Chapter Eighteen - Caged

(Part I)

Thump.

Cal woke gasping. The world rolled.

Tumbled. Spun.

His mouth was sour. Full of spit. He tried to open his eyes, but there was nothing but dark. Strong hands bore him up, and hard knuckles dug into his ribs.

‘This one’s awake.’ a voice said.

Boots tramped against the earth beneath him, and wind touched his face with icy fingers.

‘Keep him quiet!’ another voice replied.

A knuckle dug into his back between his shoulder blades, and Cal groaned. He was gagged, and coarse cloth cut at the edge of his mouth.

‘Hear that, boy?’ the first voice said, almost growling. ‘Not a sound. Or I’ll cut your throat and leave you for the wolves.’

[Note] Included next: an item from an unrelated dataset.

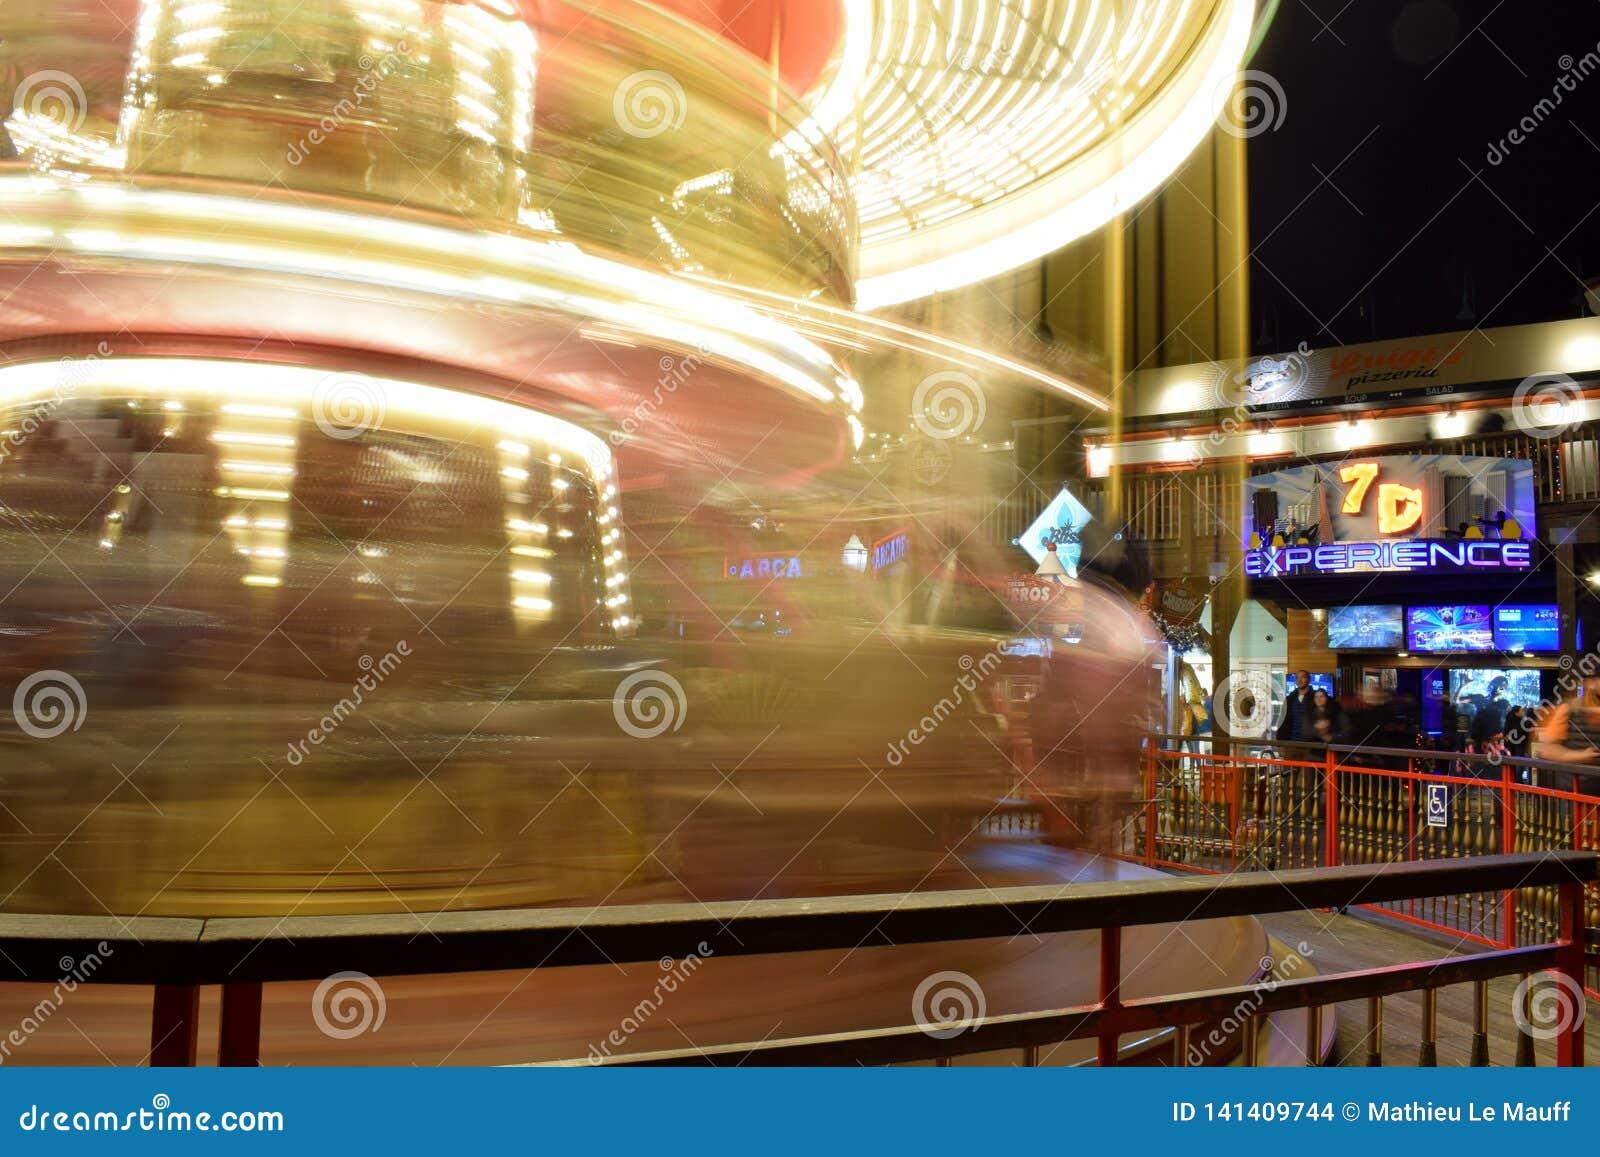 Illuminated Merry Go Round in San Francisco - Long Exposure

Cal clamped his mouth shut. His heart pounded in his chest, and his head felt thick and woollen, like wading through deep water. Something wet was pressing against the back of his skull, throbbing like old joints. He tried to raise a hand to it, but rough rope bit at his wrists, pinning them to his gut. He pulled at it, shoulders straining.

This time it was something harder than a knuckle. Pain shot up his spine, and he flinched, gasping.

‘Stop wriggling!’

He gritted his teeth, eyes blurring black. His mind raced. Was he dreaming? His head felt like it had been stuffed with wax, and in the dark, moonless night he was disoriented and helpless, even without his other injuries. He had to do something. The booted feet beneath him had not slowed. He strained his ears. Panting, grunting. Leather creaking. A half-dozen, maybe. Stones underfoot, crunching softly. The foothills. He sniffed at the frigid air, keeping as still as he could manage. Pine. Not so far from Rindon yet, then. He tried to remember. The cave. Black shapes in the trees. But his mind was full of fog, and his thoughts raced away from him like shadows in the mist. Never mind what he remembered. He knew these woods. He could feel the angle of the boot steps beneath him. Heading north, across the slope, wind on their right side. No one knew these hills like he did.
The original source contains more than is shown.